(Séoul) La cinéaste Yang Yonghi n’avait que 6 ans lorsque son frère aîné a quitté le Japon pour la Corée du Nord. Il faisait partie des étudiants offerts par des familles coréennes pour le 60e anniversaire du dirigeant Kim Il-sung.

Avant le départ du bateau de Niigatau, sous une pluie de confettis accompagnée de l’hymne nord-coréen, il lui a remis un mot : « Yonghi, écoute beaucoup de musique. Regarde autant de films que tu veux. »

C’était en 1972. Un an auparavant, ses parents, membres de la communauté coréenne « Zainichi » au Japon, avaient offert le même destin à deux de leurs fils.

Ils étaient attirés par la promesse du régime d’un paradis où l’éducation et les soins de santé seraient gratuits et l’emploi abondant.

Le traumatisme lié à ces douloureuses séparations est présent dans chacun des films de Yang Yonghi. La cinéaste, née à Osaka, évoque les souffrances endurées par plusieurs générations de sa famille, de la fin de la colonisation de la Corée par le Japon aux décennies qui ont suivi la division de la péninsule coréenne.

« Mes parents ont consacré leur vie à […] un projet insensé qui les a obligés à sacrifier leurs propres enfants », regrette Mme Yang, 57 ans.

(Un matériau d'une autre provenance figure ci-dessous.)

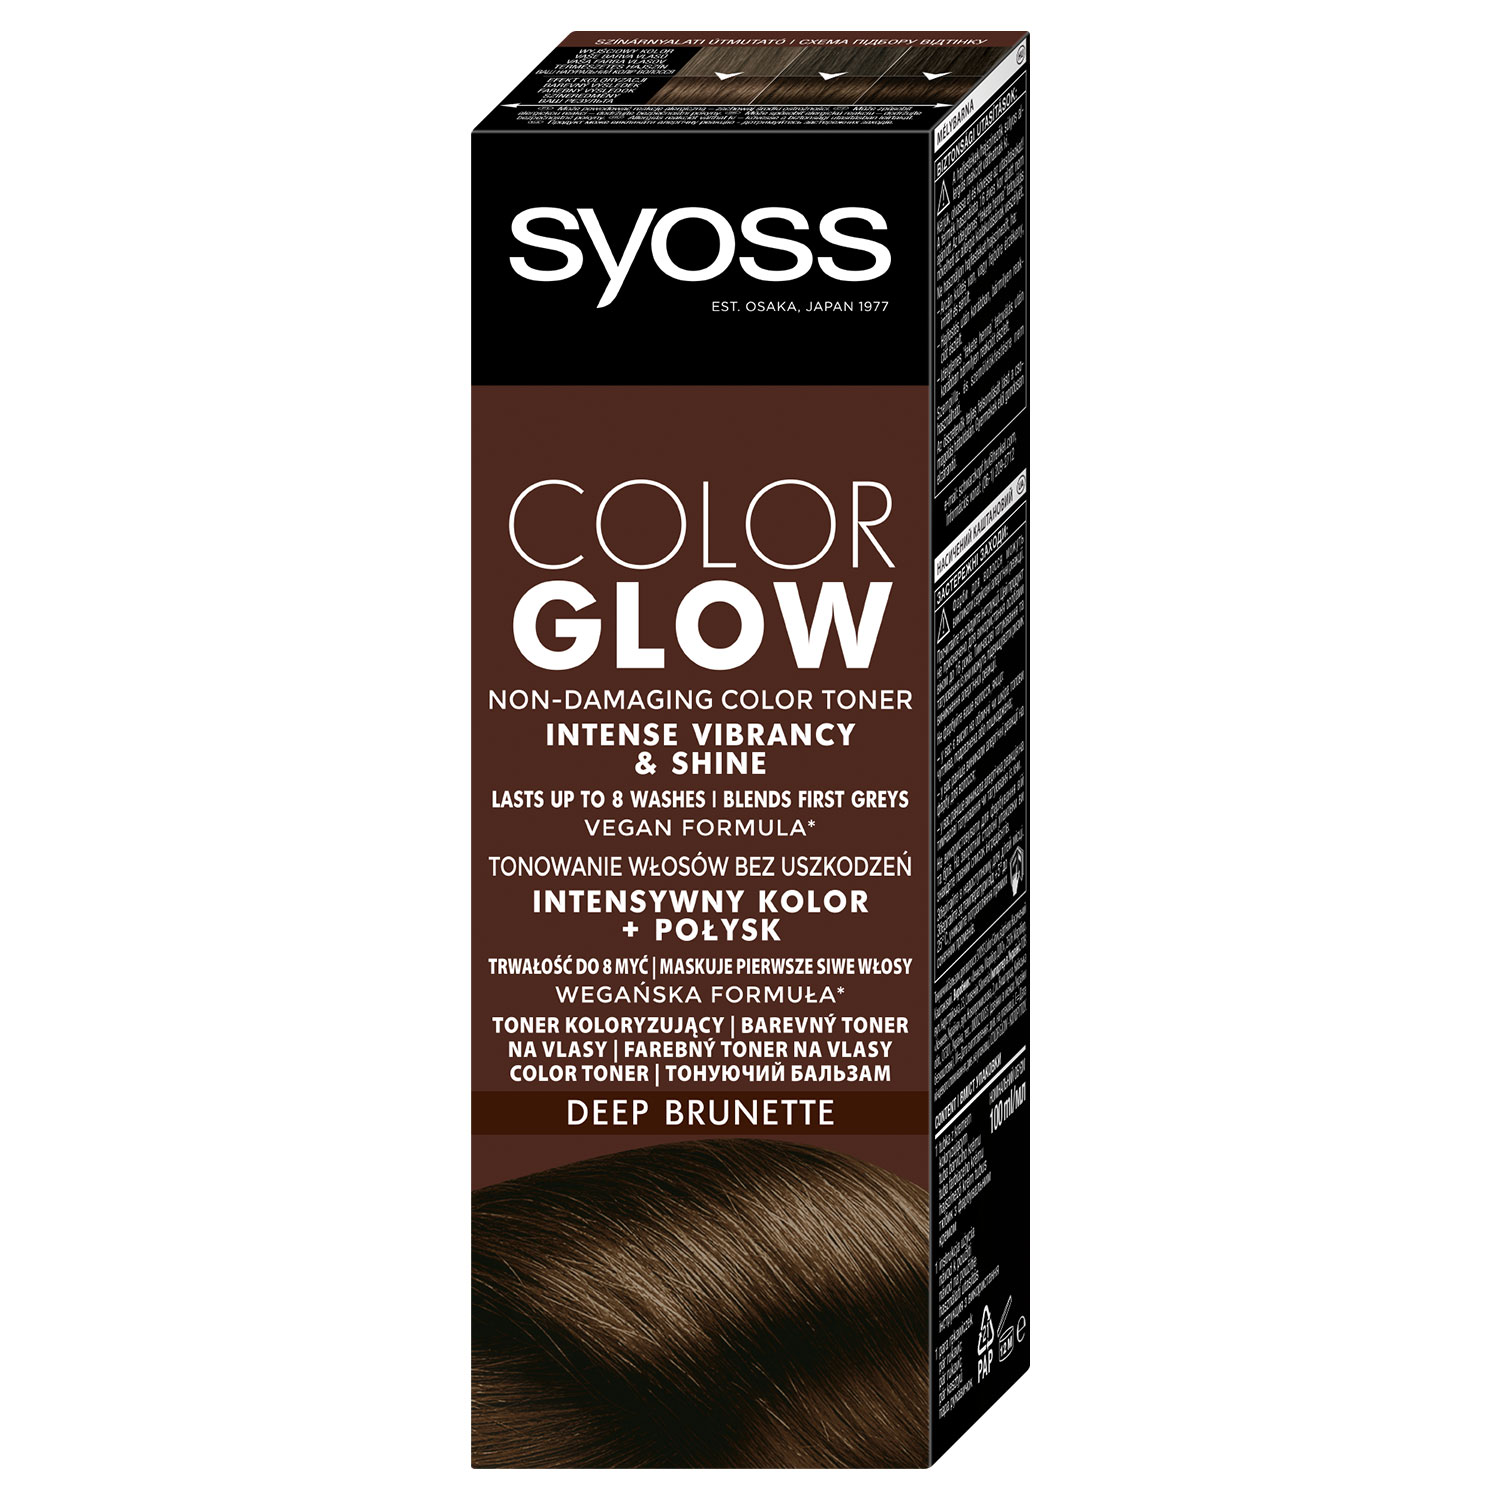 Balm SYOSS Color Glow Rich Chestnut without ammonia for hair toning 150ml

Le cinéma lui a permis d’exorciser ses démons et de donner un sens à la dévotion de ses parents pour un État isolé et répressif auquel ses frères n’ont jamais pu échapper.

« Je voulais être libre »

Son père, militant pro-nord-coréen à Osaka, avait envoyé ses fils dans le cadre d’un programme de rapatriement organisé entre Pyongyang et Tokyo.

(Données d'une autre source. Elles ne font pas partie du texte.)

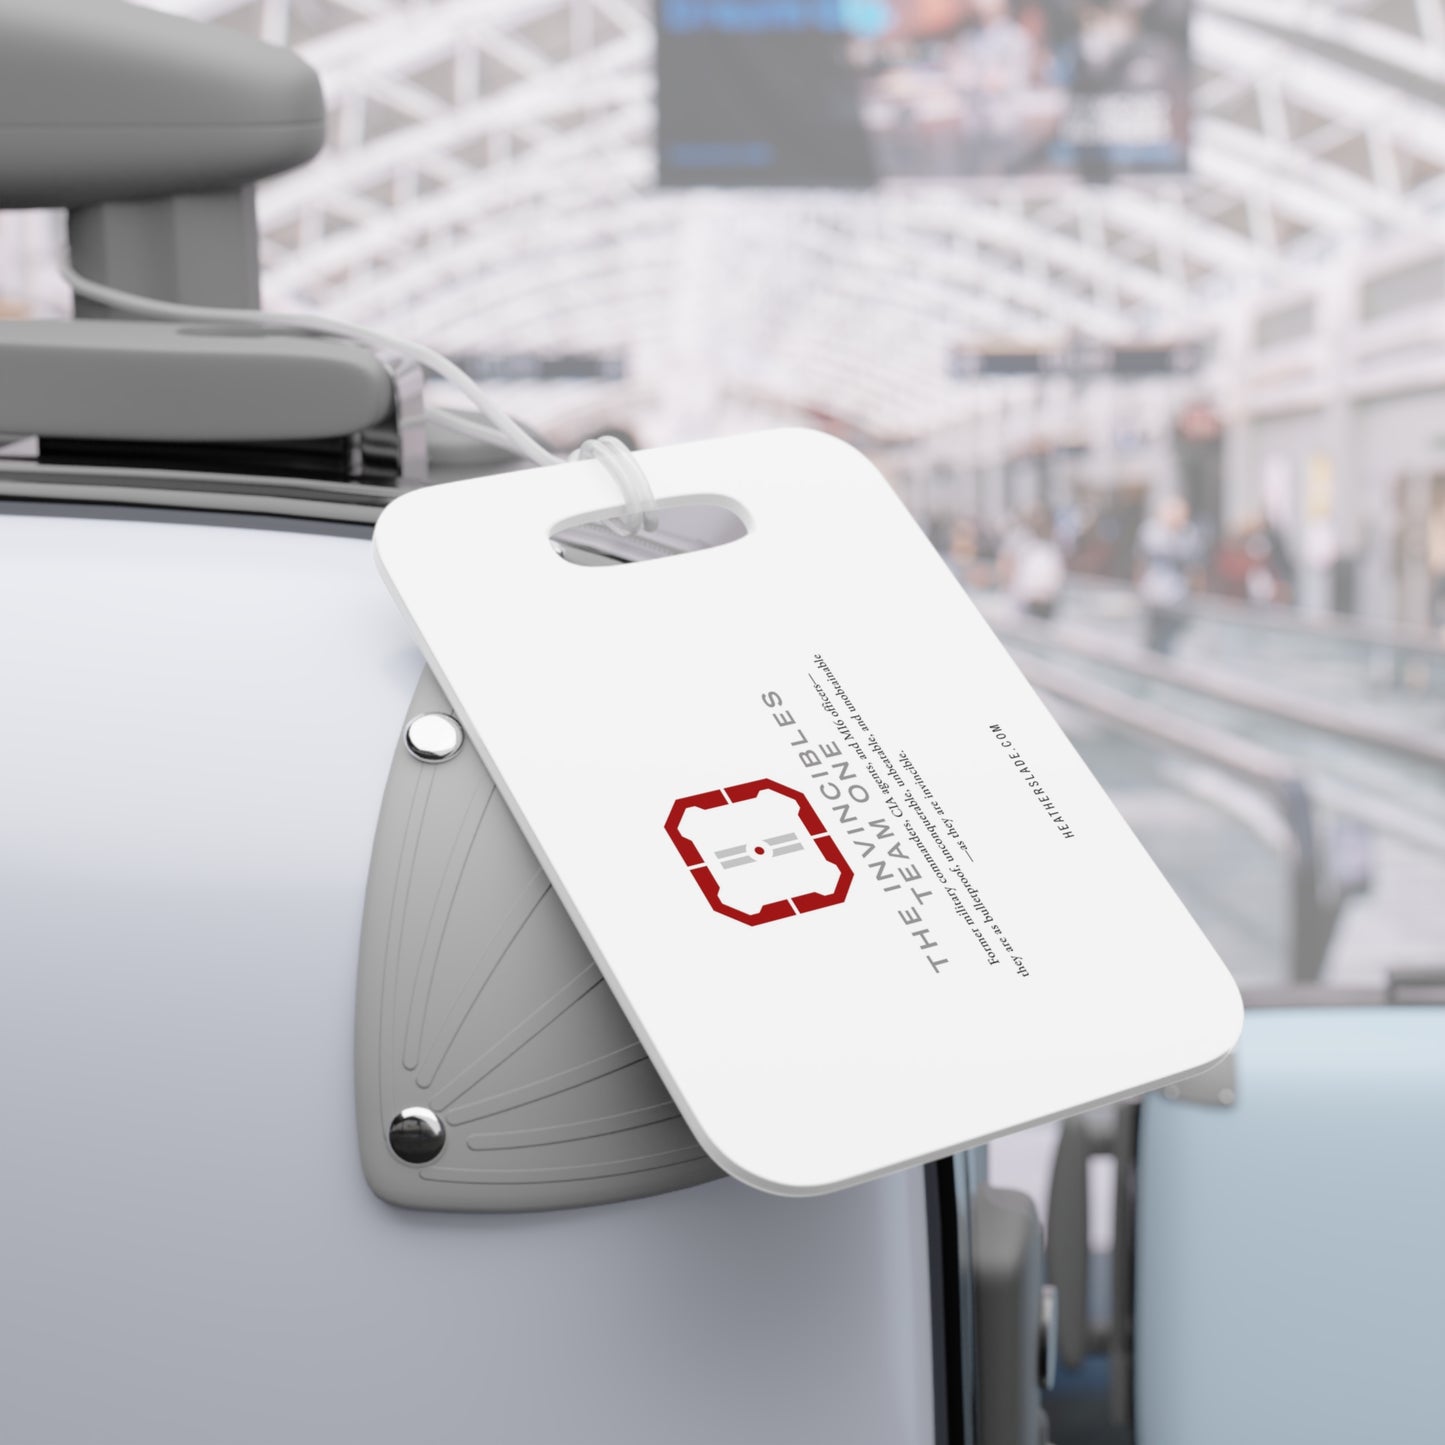 The Invincibles Team One Luggage Tags

Entre 1950 et 1984, environ 93 000 Coréens basés au Japon sont partis en Corée du Nord dans le cadre de ce programme.

Le frère aîné de Yang Yonghi faisait partie des 200 étudiants choisis pour honorer Kim Il-sung.

Les promesses du régime n’ont pratiquement pas abouti, mais les arrivants « zainichi » ont été contraints de rester, et les efforts de leurs familles pour les faire revenir sont restés vains.

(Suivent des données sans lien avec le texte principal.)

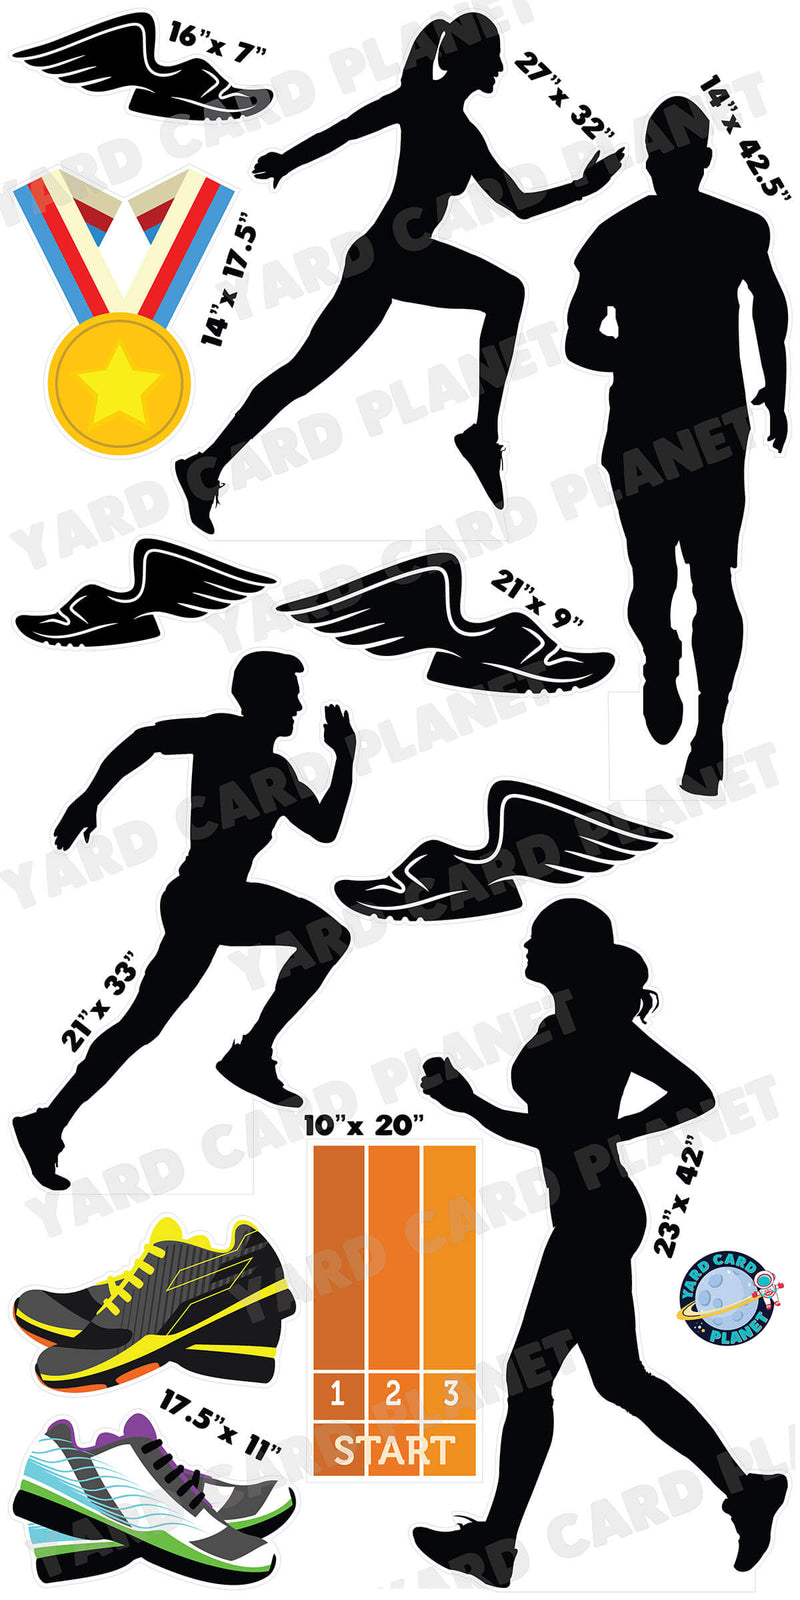 Running and Track Silhouette Yard Card Flair Set with Measurements

Les parents de Yang Yonghi « n’ont pas eu d’autre choix que de se montrer plus dévoués au régime pour que les enfants soient en sécurité » en Corée du Nord, se souvient la réalisatrice.

Mais contrairement à ses parents, elle s’est rebellée.

« Je voulais être libre », explique-t-elle à l’AFP. « J’aurais pu faire semblant d’être Japonaise et ne pas être honnête au sujet de mon père et de mes frères et faire comme si je ne voyais aucun problème. »

« Mais pour me libérer réellement, j’ai dû tous les affronter ».

Après avoir enseigné trois ans dans un lycée lié à Pyongyang, elle part étudier le cinéma documentaire à New York.

La réalisation sera sa catharsis. Son premier documentaire, Dear Pyongyang (2005), a été acclamé par la critique, notamment aux festivals de Sundance et de Berlin.

Avec des images tournées lors de ses visites à ses frères à Pyongyang, le film offre un regard indépendant et rare sur la Corée du Nord.

« Aucun regret »

Depuis, Yang Yonghi a la nationalité sud-coréenne, ce qui l’empêche de retourner rendre visite à ses frères.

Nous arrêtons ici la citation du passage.